A couple of years ago I gave a public lecture on Lincoln’s last days in 1865. Following the discussion period, as I was leaving the auditorium, a woman approached me to ask one more question. She hadn’t broached the subject earlier, she said, because it was so distant from my topic. “Did Lincoln,” she wondered, “really get syphilis when he was a young man?”
I was fascinated that this issue was on her mind, and asked her where she’d first heard about it. “In one of my medical school textbooks,” she replied. She couldn’t remember if the textbook treated the syphilis story as a fact, or as a speculation.
I told her that the subject had been widely discussed in the 1980s, when Gore Vidal featured it in his Lincoln: A Novel (1984). Major historians weighed in at the time to say that the evidence for Lincoln’s having contracted syphilis was inconclusive at best.
After Vidal’s death in summer 2012, I went back to his novel and his shorter writings on Lincoln to try to figure out why he’d dwelt so doggedly on the syphilis idea. It soon became clear that he’d seized upon it as the first salvo in a campaign to destroy Lincoln’s image as a “saint,” to reduce him to the moral status of a very ordinary man of his times.

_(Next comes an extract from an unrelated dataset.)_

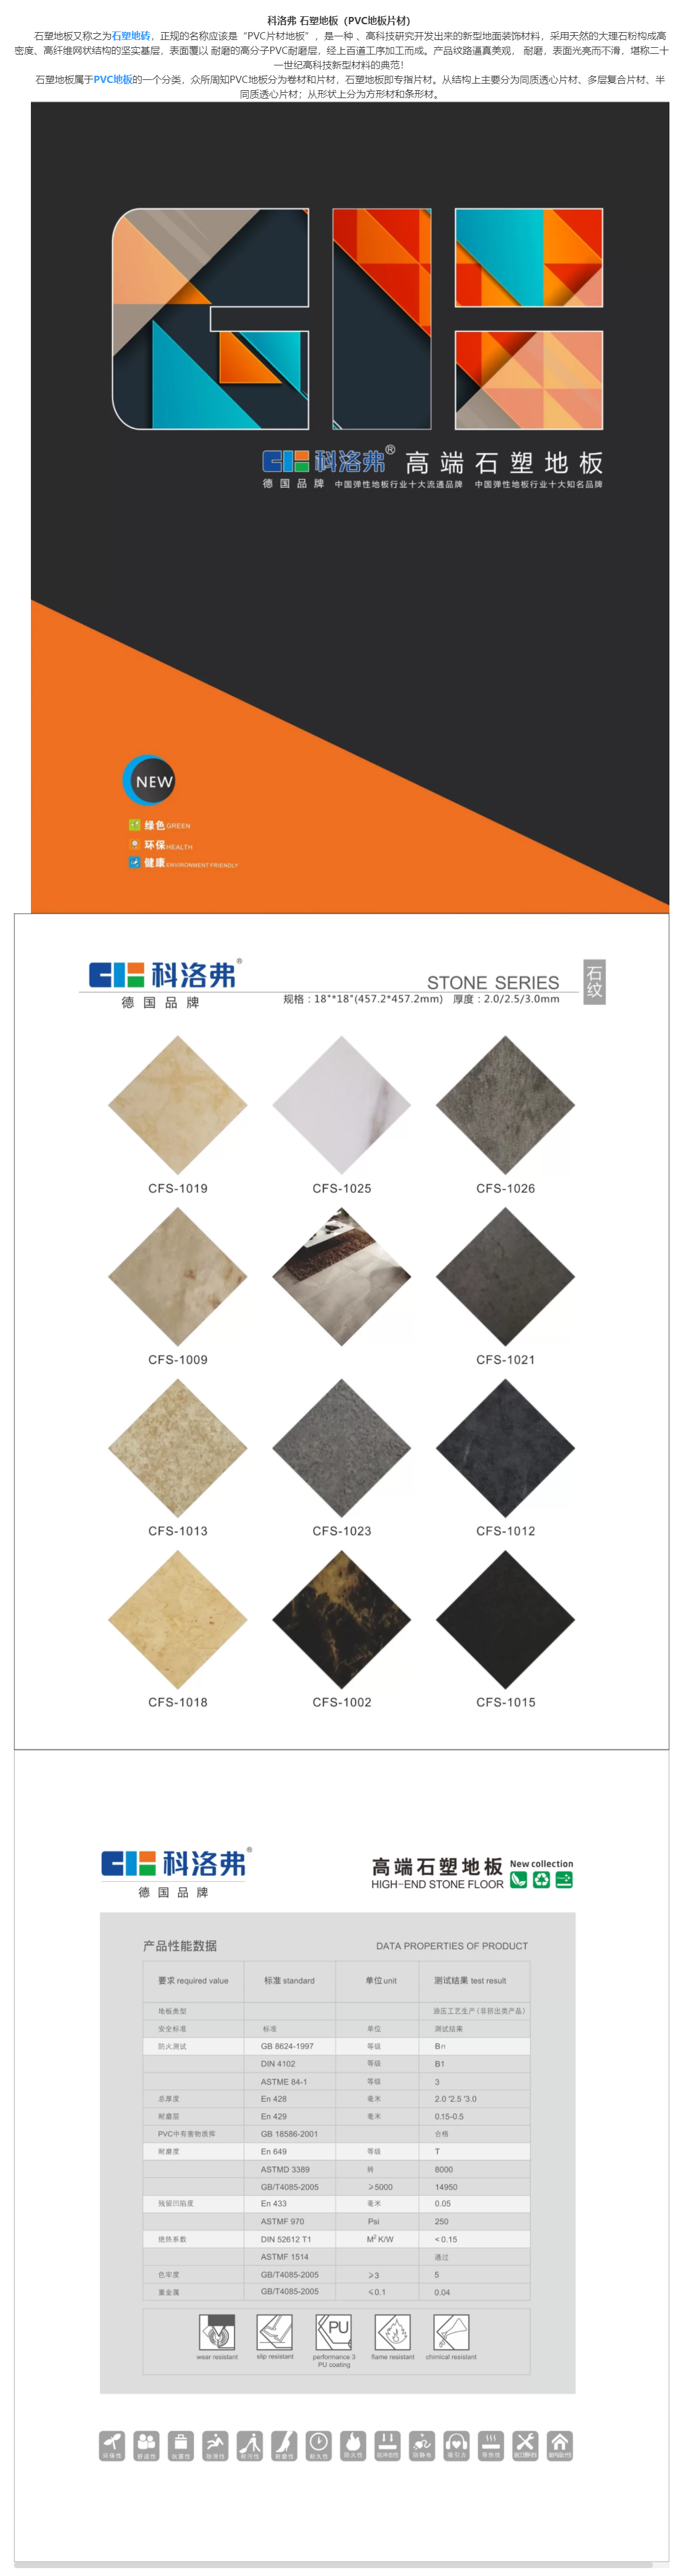 科洛弗石塑地板（PVC地板片材）,贵州峰畅建筑工程有限公司.png

The word “syphilis” still conjured up menacing associations in the 1980s, as it had in the 19th century. Even the possibility that he had carried the disease — which in its long latency period might have infected Mary Lincoln, and, through her, their children — could help tarnish his reputation as a hero of uncommon virtue. Vidal played up the devastating implications for Lincoln’s family members as much as he did the original “devilish passion.”
The “Sandburg-Mt. Rushmore” approach to Lincoln, said Vidal, had blocked a true grasp of his significance. Blighting the saint would open people’s eyes: the mythic selfless emancipator was actually an aggressive empire-builder.
The politically nimble Lincoln had done much more, said Vidal, than “save” the Union from being split in two. He had deepened the hold of the union, making the nation, not the states, the sovereign power for all Americans. Decades after his death, with the holy Lincoln as its chief icon, the imperial American state got to have its cake and eat it too, dominating much of the international order while posing as the one power that acted “with malice toward none and charity for all” other nations.
But where did Vidal get the syphilis story in the first place? It came from Lincoln’s former law partner William Herndon, who wrote privately in 1891, “Lincoln had, when a mere boy, the syphilis… About the year 1835-36 Mr. Lincoln went to Beardstown and during a devilish passion had connection with a girl and caught the disease.”
Herndon claimed to have heard those words from Lincoln’s own lips, but he didn’t specify when he’d heard it. “Old and infirm,” by his own admission, when he wrote the 1891 letter — he died two months later — Herndon sometimes got mixed up about what he’d heard directly from his former partner, what he’d heard from others, and what he’d inferred all by himself. (In 1889, Herndon said Lincoln had told him that he’d left his “heart” buried in Ann Rutledge’s grave; in 1866, Herndon claimed “a friend” had told him that; some evidence suggests he came up with it himself. See my blog post of Nov. 30, 2011.)
That doesn’t mean Herndon was confused in this instance, but the reliability of the syphilis tale has been widely questioned. In his book We Are Lincoln Men (2003), David Herbert Donald concluded that a recollection written down “more than fifty years after Lincoln’s alleged escapade and more than twenty years after his death” could only stand if supported by “confirmatory evidence.”
Herndon may have anticipated the doubts that would greet his story. “Lincoln told me this,” he wrote to Weik, “and in a moment of folly I made a note of it in my mind…” In other words, it would have been better for all concerned if he’d simply forgotten about it. But he’d done what came naturally to him: remembered exactly what he’d been told, and remembered it for all time. Now he could only kick himself for being such an unyielding servant of the truth.
With Lincoln’s syphilis engraved in his memory as a fact, Herndon had tried to keep it a secret. But now, approaching his end, he felt compelled to divulge it. He feared that someone, after his death, might discover the fact and wrongly take it as proof that Abraham had been unfaithful to Mary. Herndon was absolutely certain that Lincoln had been “true as steel to his wife.” He’d contracted his case of syphilis six or seven years before his marriage.
The irony of the syphilis tale is that Herndon’s goal — protecting the memory of Abraham and Mary Lincoln’s marital purity — came at the cost of swearing to Lincoln’s pre-marital impurity. Thankfully, he managed to keep quiet about all this until almost a decade after Mary Lincoln’s death in 1882. Having suffered after 1866 from Herndon’s wild speculation about her husband’s heart — that after Ann Rutledge’s death in 1835 he had never truly loved another woman — she was spared having to reckon with Herndon’s report about Lincoln’s infected body.